**** EXERCISE DATA
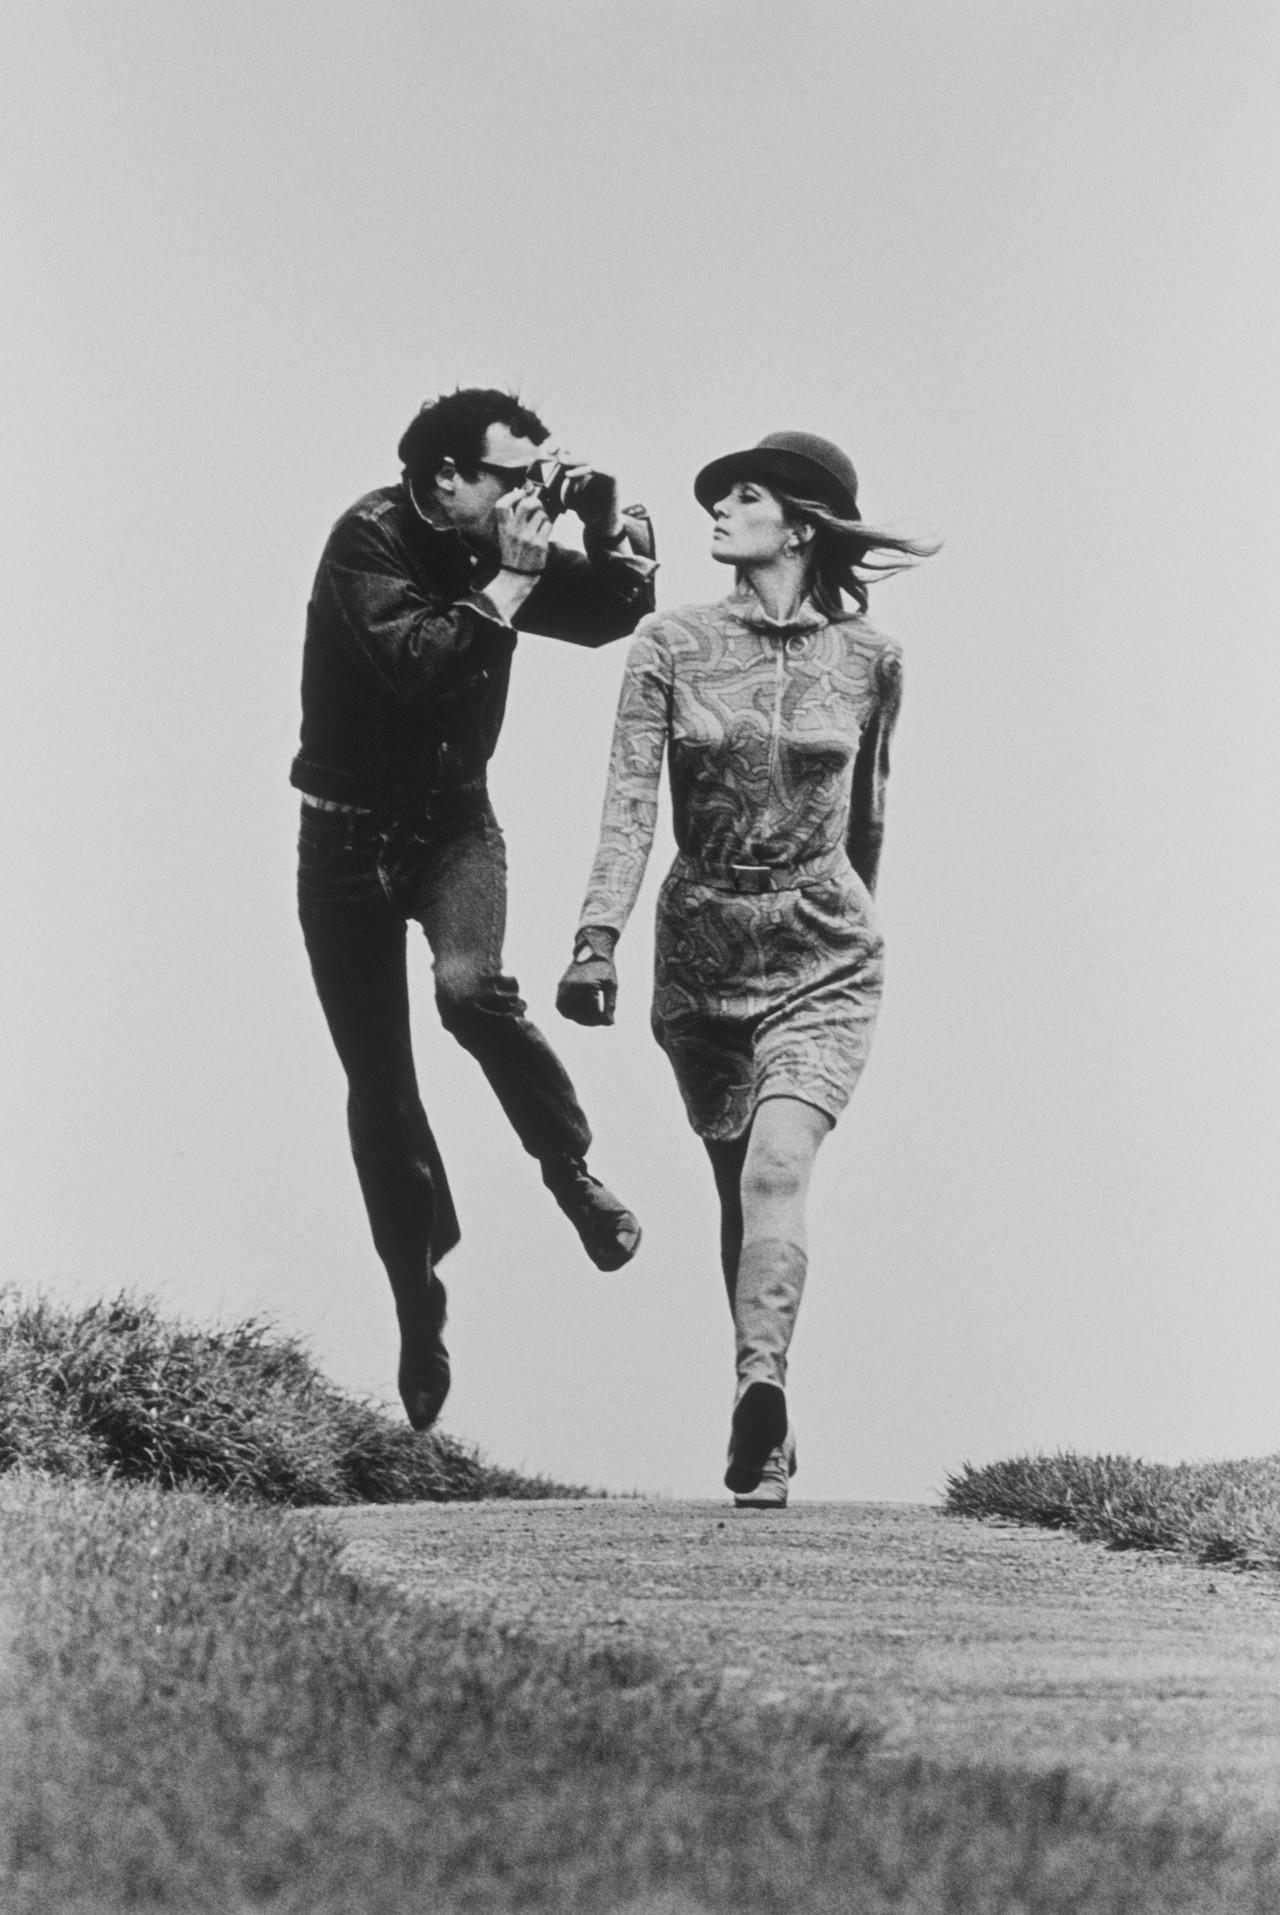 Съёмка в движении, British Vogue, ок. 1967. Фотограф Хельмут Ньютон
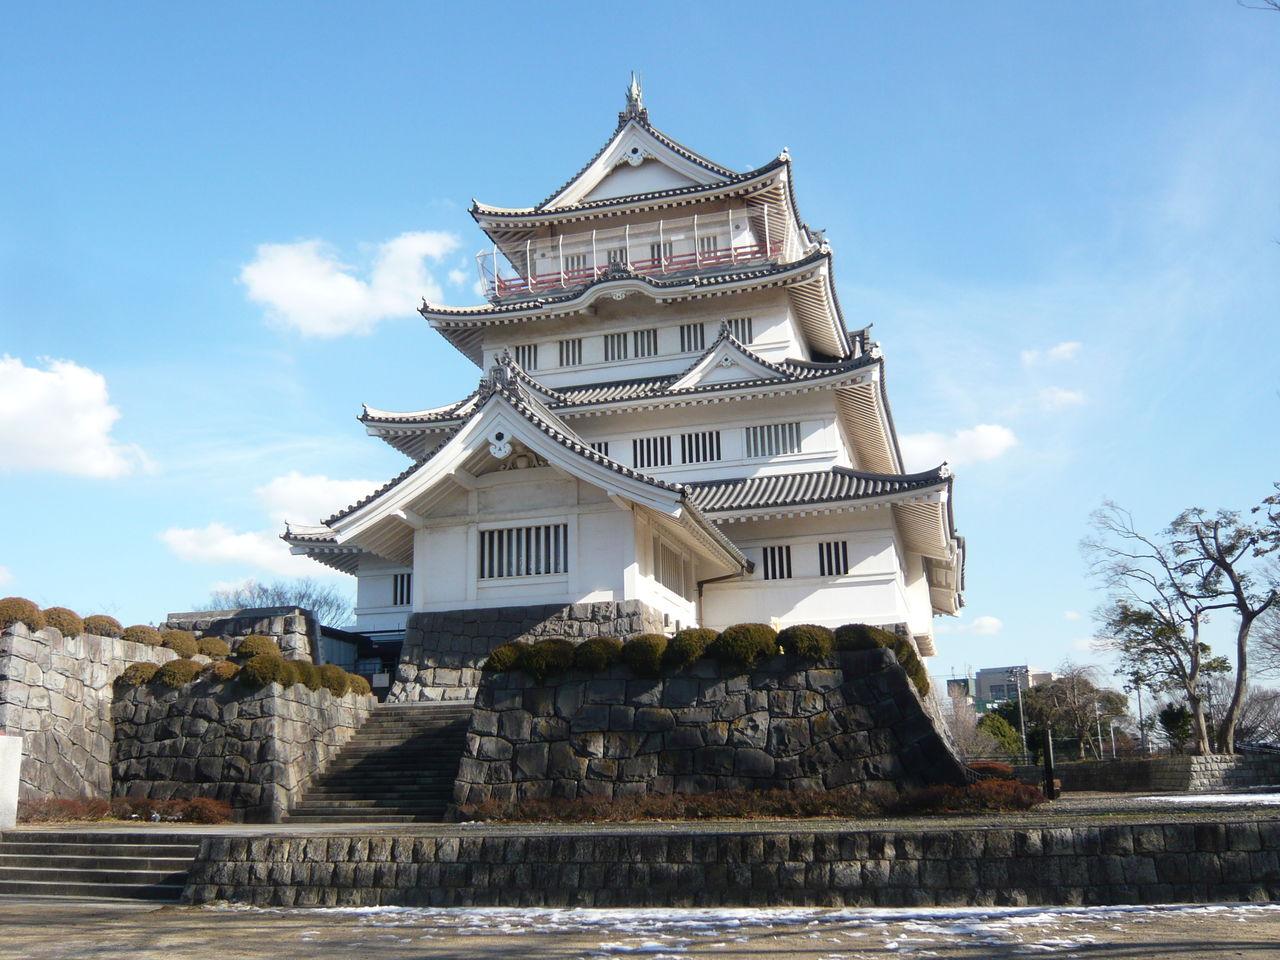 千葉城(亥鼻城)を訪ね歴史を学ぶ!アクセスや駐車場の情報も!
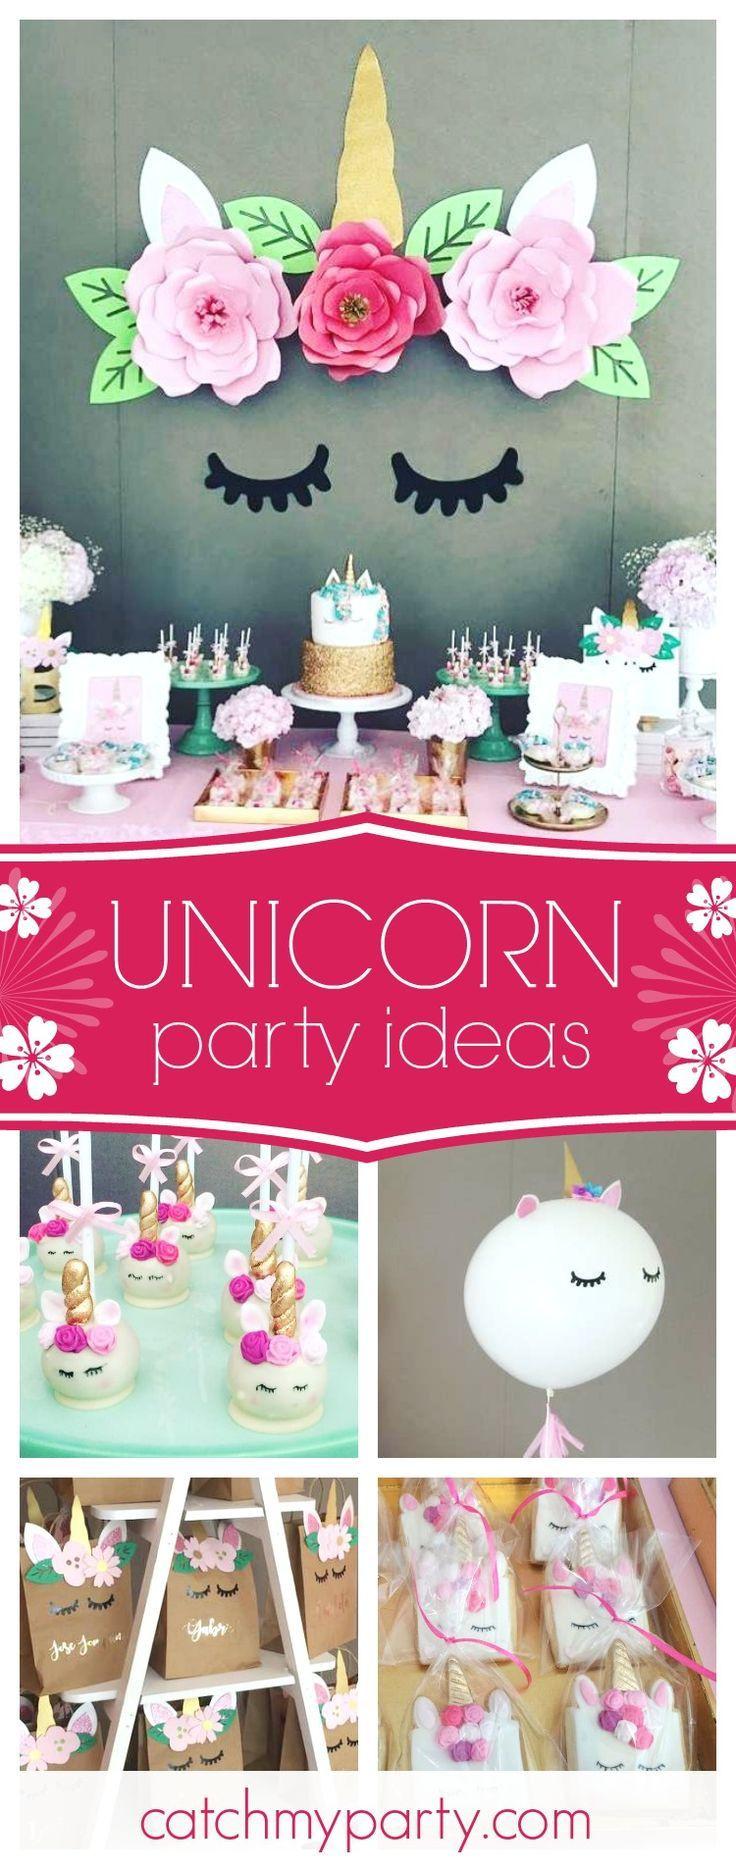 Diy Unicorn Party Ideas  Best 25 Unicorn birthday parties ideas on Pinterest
********
### REQUIRED ACTION
Transcribe the whole of the data exactly, minus any pictures.

### RESULT FOR THIS EXERCISE
 Съёмка в движении, British Vogue, ок. 1967. Фотограф Хельмут Ньютон
 千葉城(亥鼻城)を訪ね歴史を学ぶ!アクセスや駐車場の情報も!
 Diy Unicorn Party Ideas  Best 25 Unicorn birthday parties ideas on Pinterest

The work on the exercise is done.